Rach March 7, 2010 at 12:14 pm

This article has really helped me for some research, as I am testing the affect that music has on your ability to recall information for my Year 10 Student Research Project. I'm gonna test at least 50 people, so I wonder which genre of music will result in the most productive amount of study??!

Reply

Connor May 17, 2010 at 3:57 am

this article helped me ace my HSC, use it, it can help.

Reply

Chris May 20, 2010 at 8:42 pm

This article was very helpful and informational for my research.Thank you!

Reply

Tyfghvbgg December 7, 2010 at 1:19 am

i like this becouse i am doing the same thing and mine i dew in tow weeks though (read this back words) woh dlo era uoy

Reply

Efren Uy December 20, 2010 at 8:58 am

very helpful site. i like this very much! will visit this again, soon. thank you!

Reply

suki_momo January 4, 2011 at 7:31 pm

gee wow thanks i listen to alot of music for relaxation im sure it’l help il try ouut some methods to improve on my math studying, thank yu. ???

Reply

Professional Essay Writing February 18, 2011 at 8:31 pm

Great information thanks for sharing this with us.In fact in all posts of this blog their is something to learn. your work is very good and i appreciate your work and hopping for some more informative posts. Again thanks

Reply

Writing Essay Services March 18, 2011 at 8:04 pm

This article has really helped me for some research,

According to your information that is very simple and clearly understand for students to grip.

Thanks for your research on academic knowledge.

Reply

lwll_grc August 9, 2011 at 10:42 am

This is such a nice post, Trance Music is one genre that is good for studying. It is pure instrumental, then there are minor keys or depressing and major keys which are happy in Trance Music.

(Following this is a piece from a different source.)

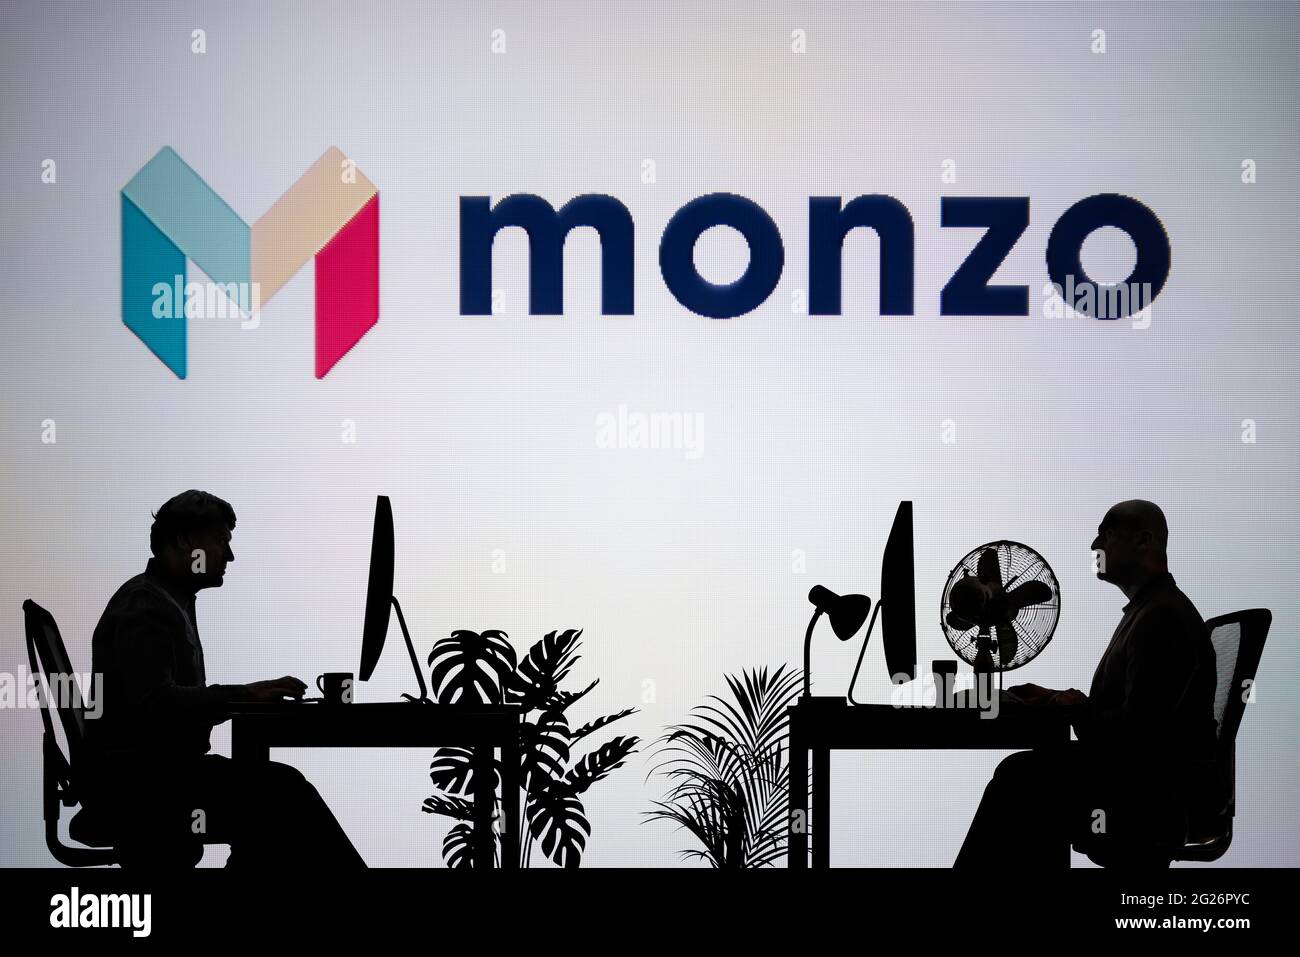 The Monzo bank logo is seen on an LED screen in the background while two silhouetted people work in an office environment (Editorial use only) Stock Photo

It boosts your energy too so you will not be tired while studying.

Reply

Becky September 28, 2011 at 8:32 pm

Hey thanks 4 da article i have found hip hop really helpful for my hw!!!

Reply

trudy November 7, 2011 at 10:05 pm

Hi im really impressed by your research, I’m doing a study of the affects of listening to music while studying and would like to interview you by email if possible?

Reply

shakira January 13, 2012 at 1:29 pm

thanks this just gave me the science fair project i needed:D

Reply

sara tuaau February 7, 2012 at 5:50 pm

wow..this is great i used this topic for my science project and it rocked…educational and fun…good topic..but for me classical music was best…at least i studied better and aced in my exams and plus it was relaxing.

Reply

Abbie March 31, 2012 at 12:55 pm

Haha, I’m about to start writing a paper right now and I’m listening to Skrillex. I thought I was crazy for listening to dubstep while I do homework. I’m glad to see that other people do that too xD

Reply

Teeth September 11, 2012 at 9:18 am

Music from other languages help me.

Reply

lincoln September 12, 2012 at 9:50 pm

hi thank for this, I was telling my science teacher to let me listen to music.